--- PROVIDED MATERIAL Enclosed Below ---
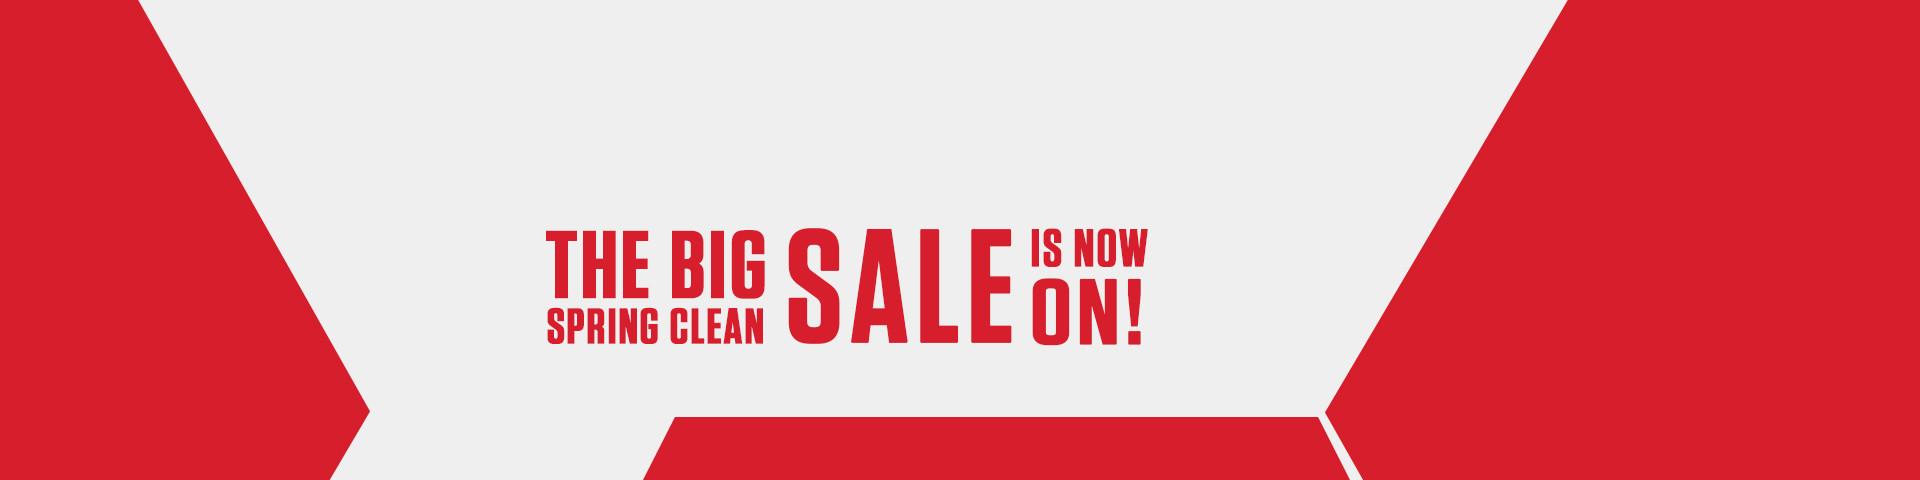 The Big Spring Clean Sale
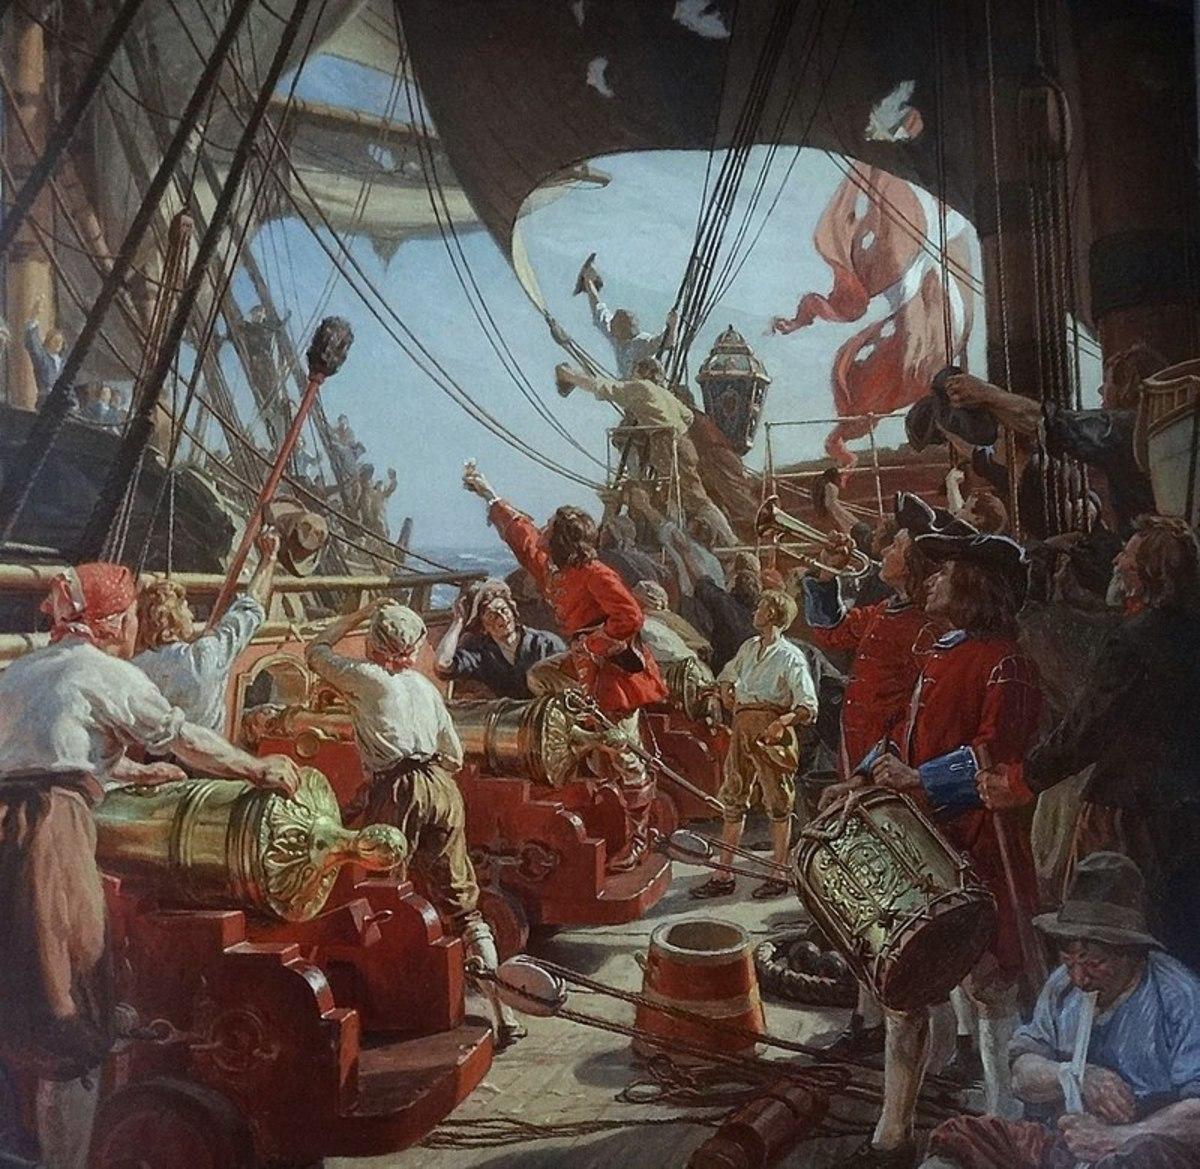 Queen Elizabeth's Pirates: Heroes or Villains?
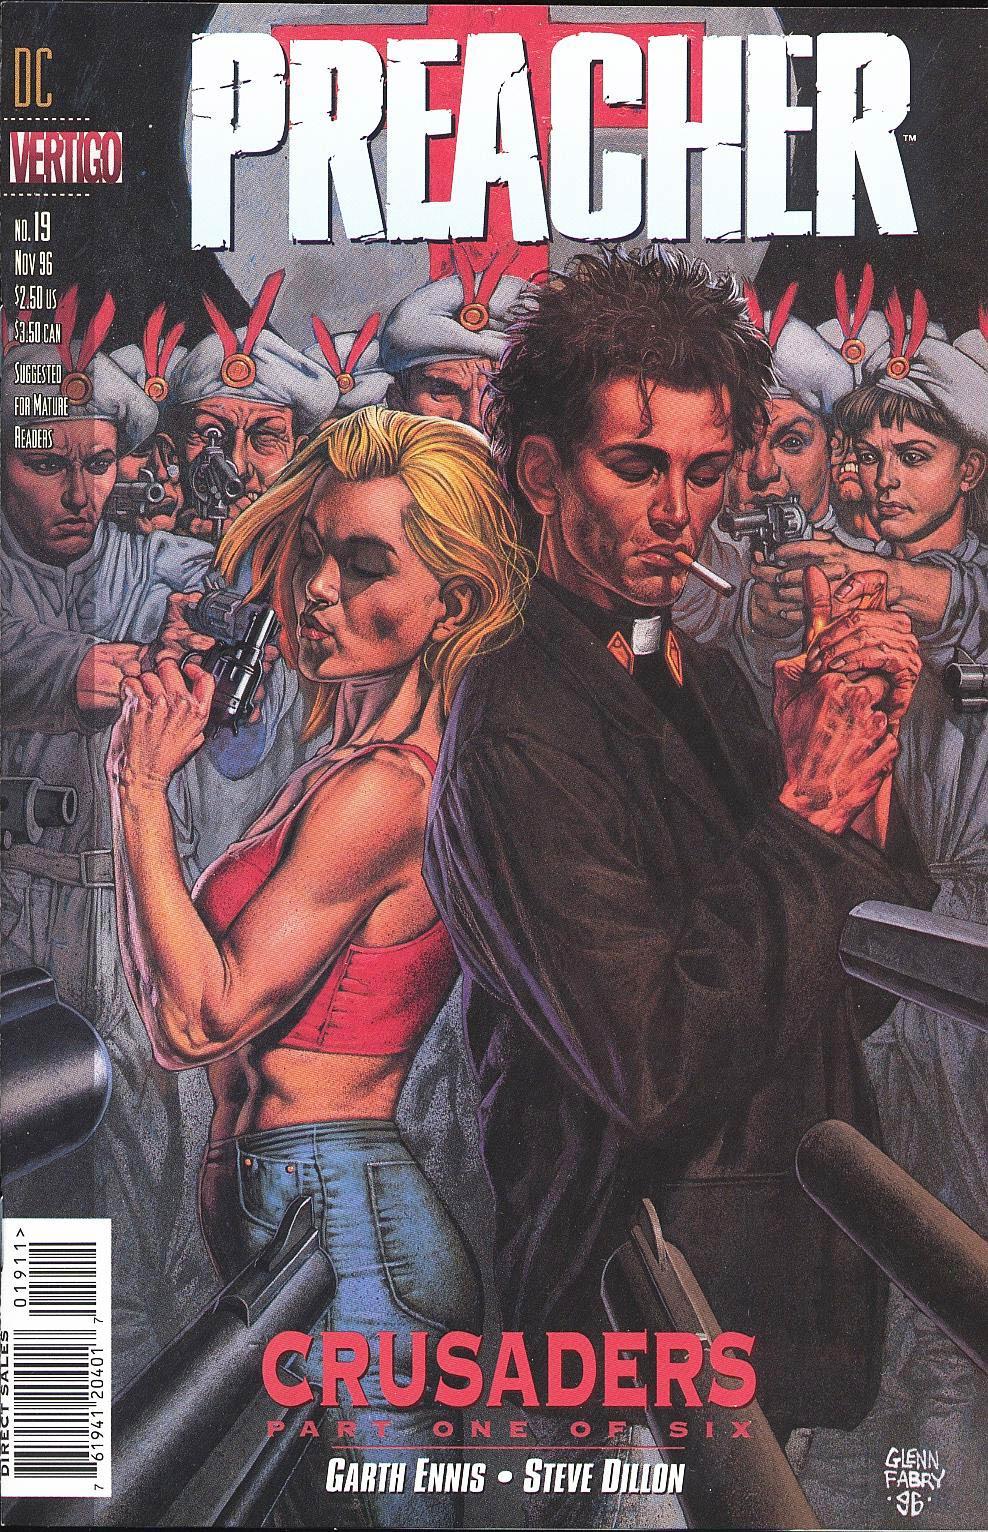 Комиксы Онлайн - Проповедник - # 19 - Страница №1 - Preacher - Preacher # 19
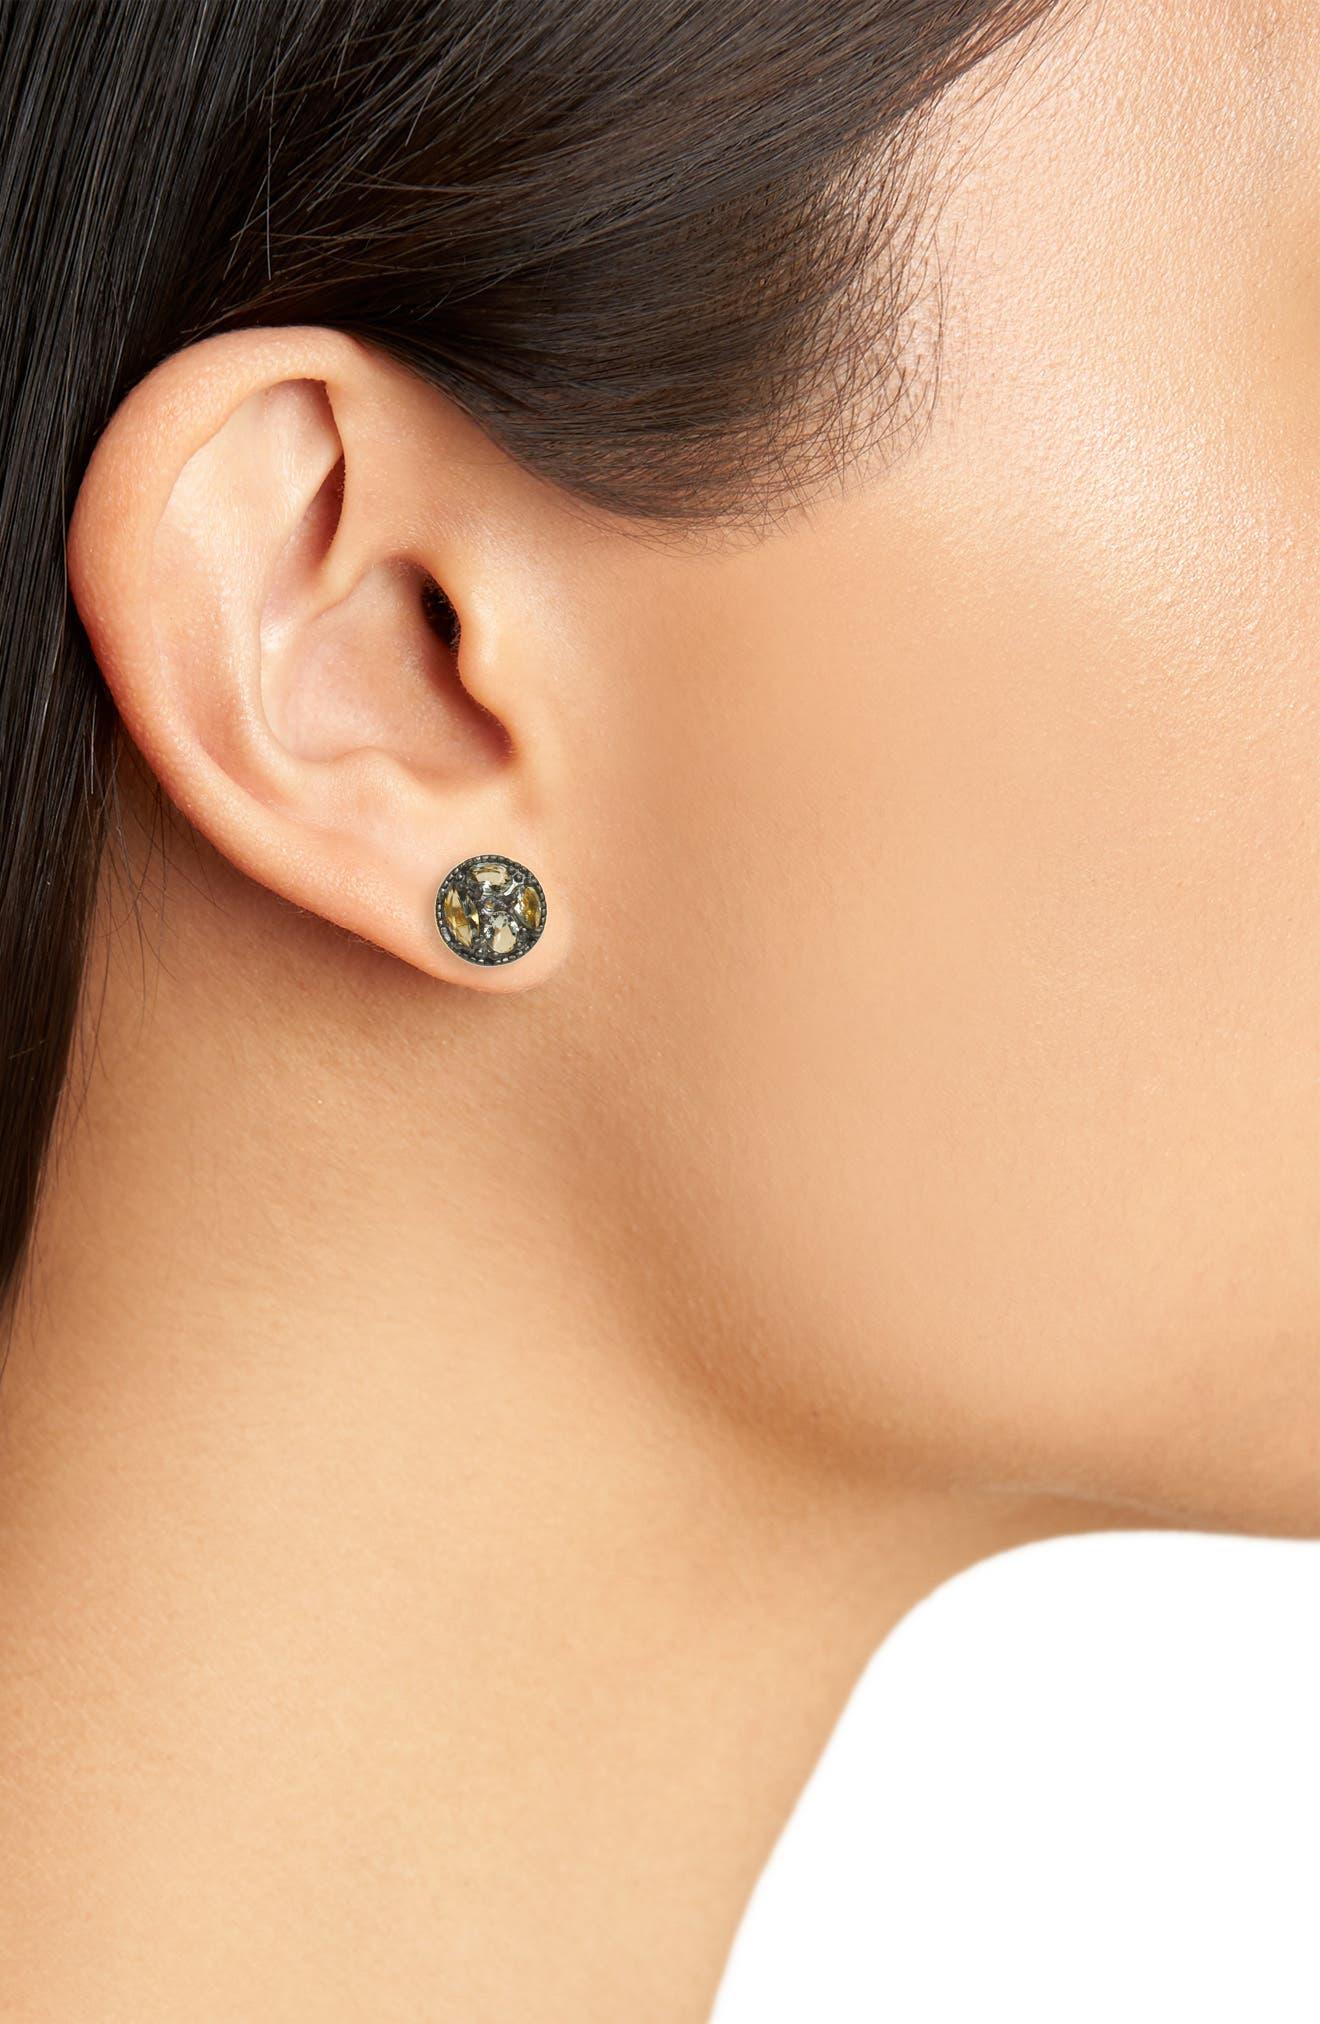 Rose Dor Small Disc Earrings,                             Alternate thumbnail 2, color,                             Black Rhodium/ Gold
--- End of Enclosed PROVIDED MATERIAL ---
PROBLEM TO WORK ON → Reproduce the material above in full, images excluded.

REPLY →
 The Big Spring Clean Sale
 Queen Elizabeth's Pirates: Heroes or Villains?
 Комиксы Онлайн - Проповедник - # 19 - Страница №1 - Preacher - Preacher # 19
 Rose Dor Small Disc Earrings,                             Alternate thumbnail 2, color,                             Black Rhodium/ Gold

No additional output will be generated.